William T. McGee

Linezolid in Methicillin-Resistant Staphylococcus aureus Nosocomial Pneumonia: A Randomized, Controlled Study

BACKGROUND Post hoc analyses of clinical trial data suggested that linezolid may be more effective than vancomycin for treatment of methicillin-resistant Staphylococcus aureus (MRSA) nosocomial pneumonia. This study prospectively assessed efficacy and safety of linezolid, compared with a dose-optimized vancomycin regimen, for treatment of MRSA nosocomial pneumonia. METHODS This was a prospective, double-blind, controlled, multicenter trial involving hospitalized adult patients with hospital-acquired or healthcare-associated MRSA pneumonia. Patients were randomized to receive intravenous linezolid (600 mg every 12 hours) or vancomycin (15 mg/kg every 12 hours) for 7-14 days. Vancomycin dose was adjusted on the basis of trough levels. The primary end point was clinical outcome at end of study (EOS) in evaluable per-protocol (PP) patients. Prespecified secondary end points included response in the modified intent-to-treat (mITT) population at end of treatment (EOT) and EOS and microbiologic response in the PP and mITT populations at EOT and EOS. Survival and safety were also evaluated.
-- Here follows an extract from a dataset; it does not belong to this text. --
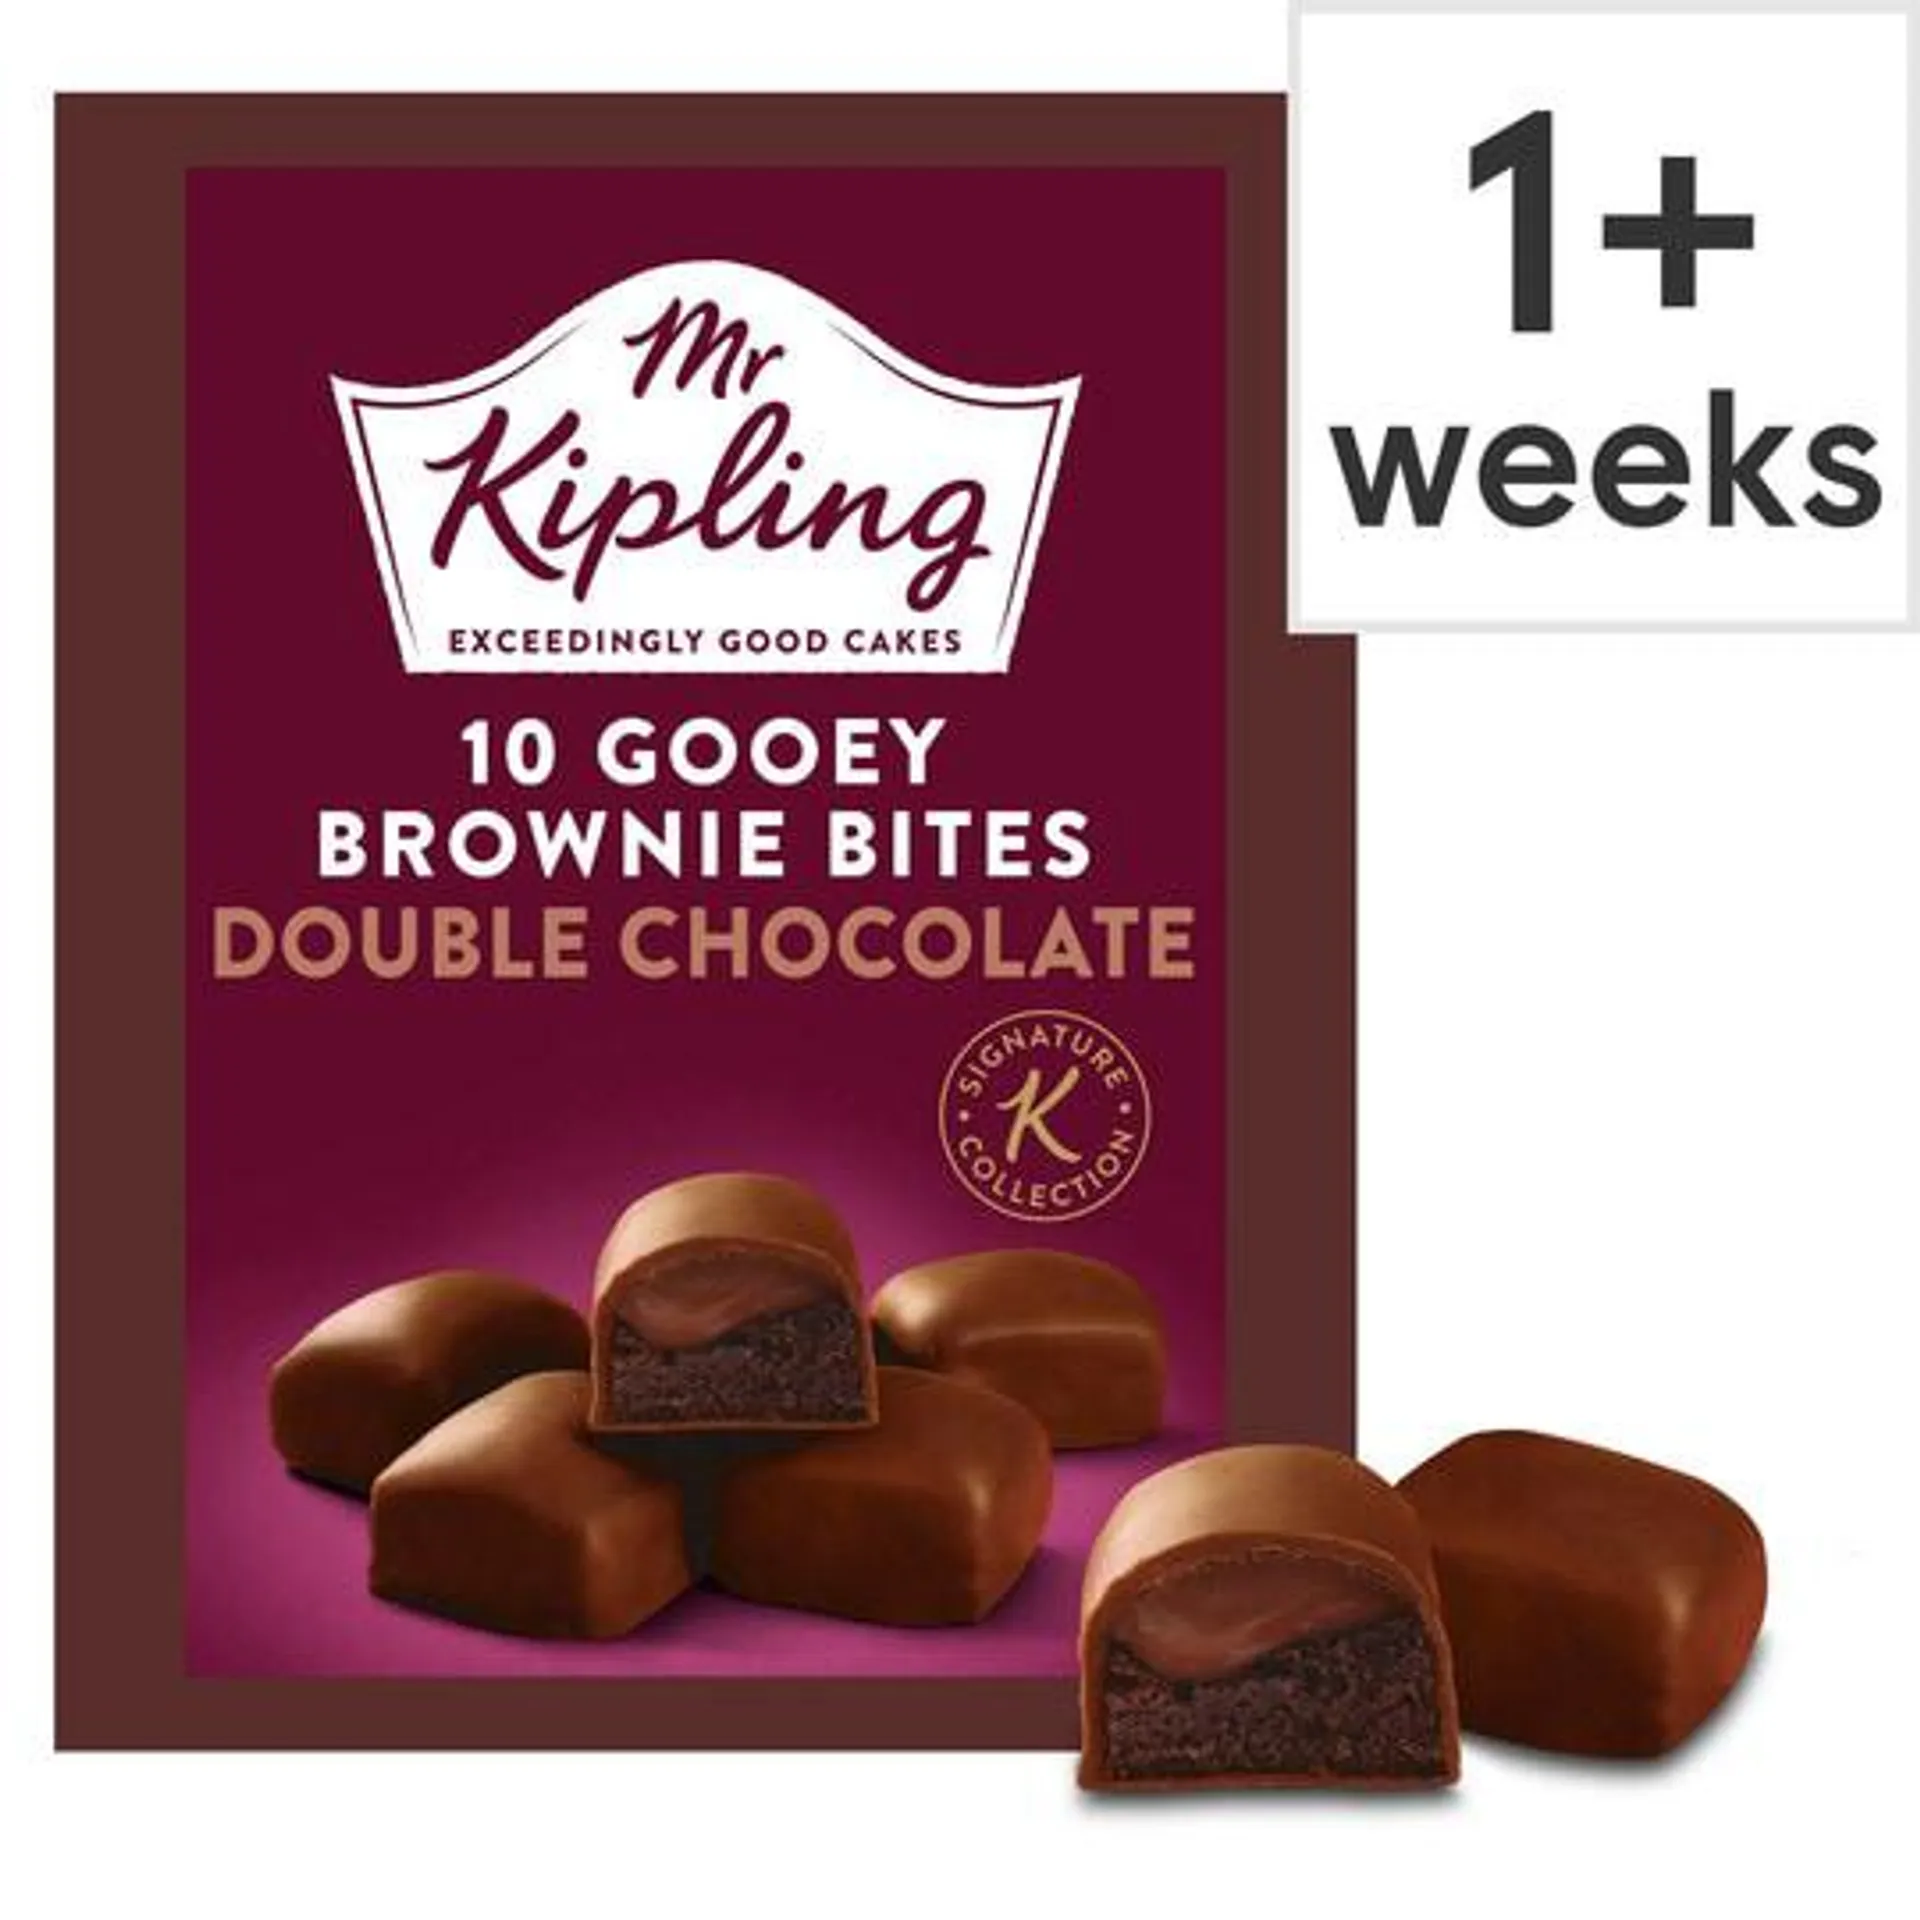 Mr Kipling Gooey Brownie Bites Double Chocolate 10 Pack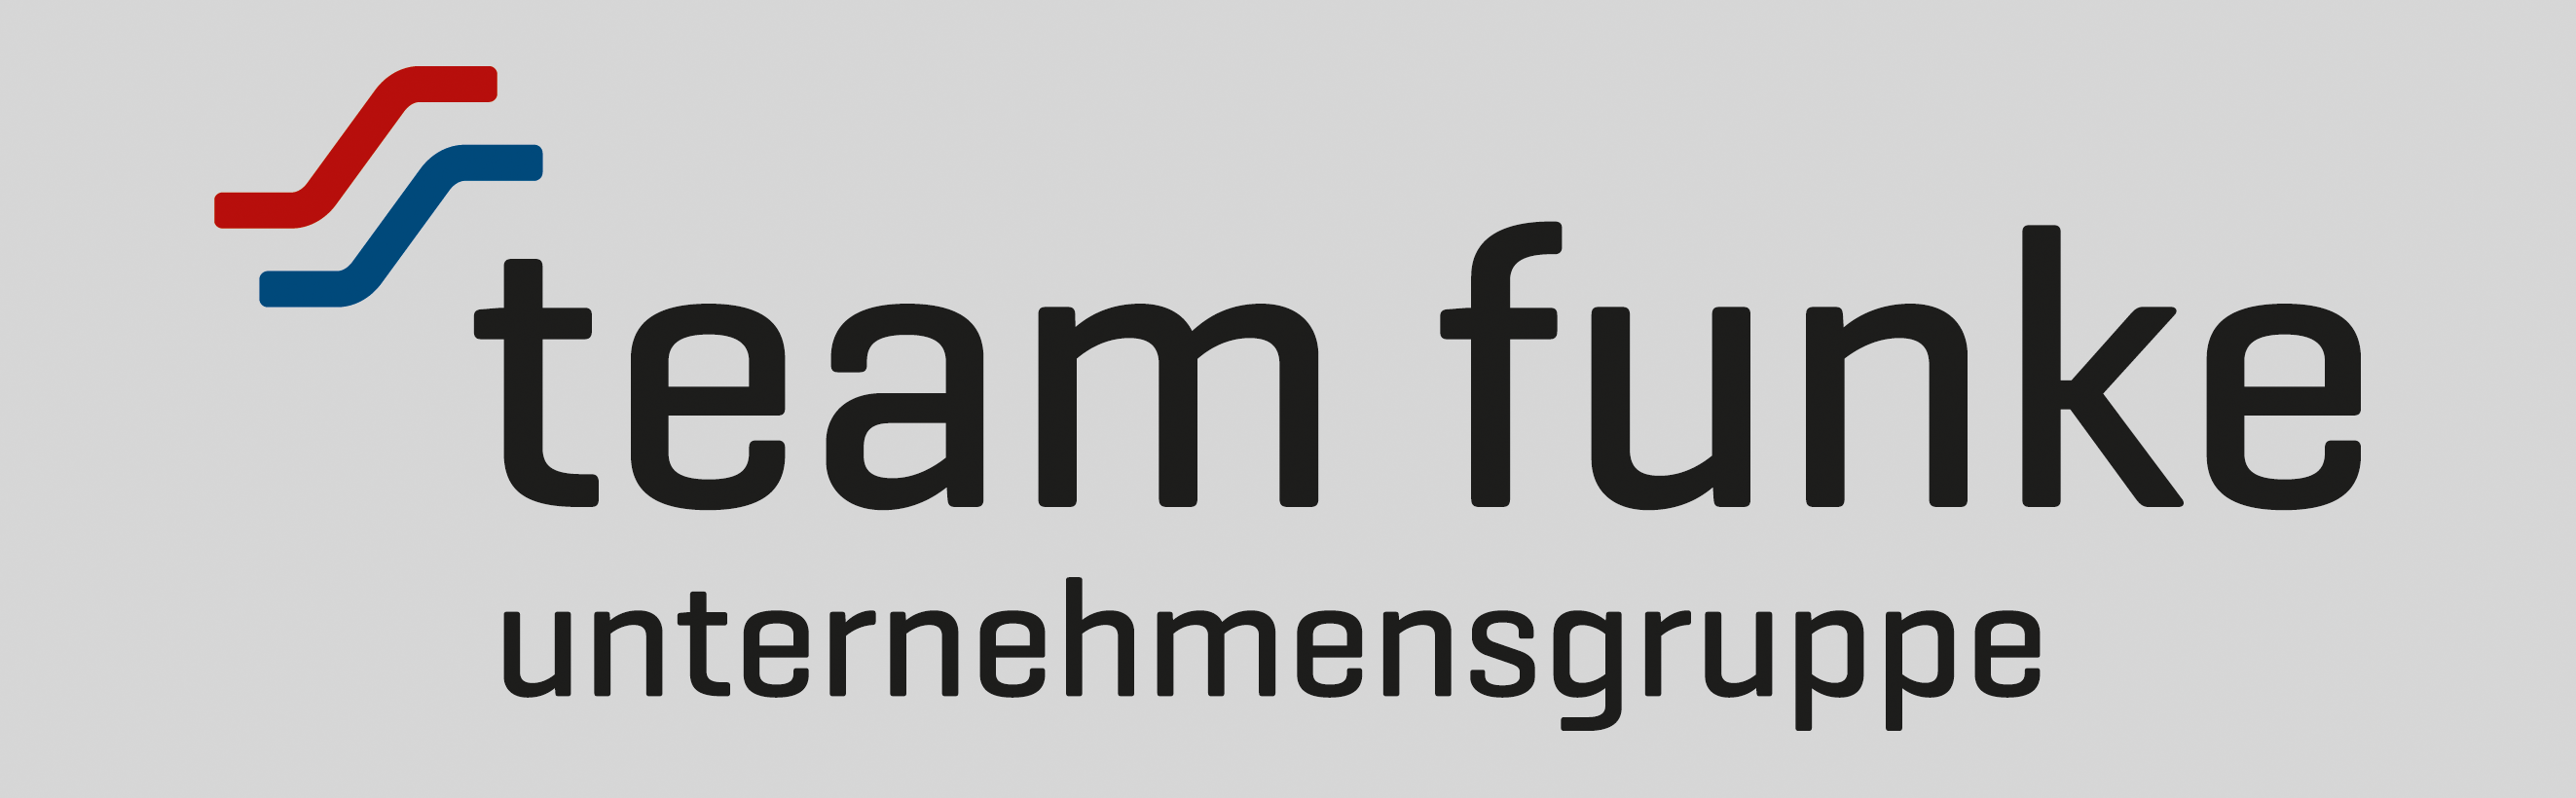 Funke GmbH & Co. KG

RESULTS Of 1184 patients treated, 448 (linezolid, n = 224; vancomycin, n = 224) were included in the mITT and 348 (linezolid, n = 172; vancomycin, n = 176) in the PP population. In the PP population, 95 (57.6%) of 165 linezolid-treated patients and 81 (46.6%) of 174 vancomycin-treated patients achieved clinical success at EOS (95% confidence interval for difference, 0.5%-21.6%; P = .042). All-cause 60-day mortality was similar (linezolid, 15.7%; vancomycin, 17.0%), as was incidence of adverse events. Nephrotoxicity occurred more frequently with vancomycin (18.2%; linezolid, 8.4%). CONCLUSIONS For the treatment of MRSA nosocomial pneumonia, clinical response at EOS in the PP population was significantly higher with linezolid than with vancomycin, although 60-day mortality was similar.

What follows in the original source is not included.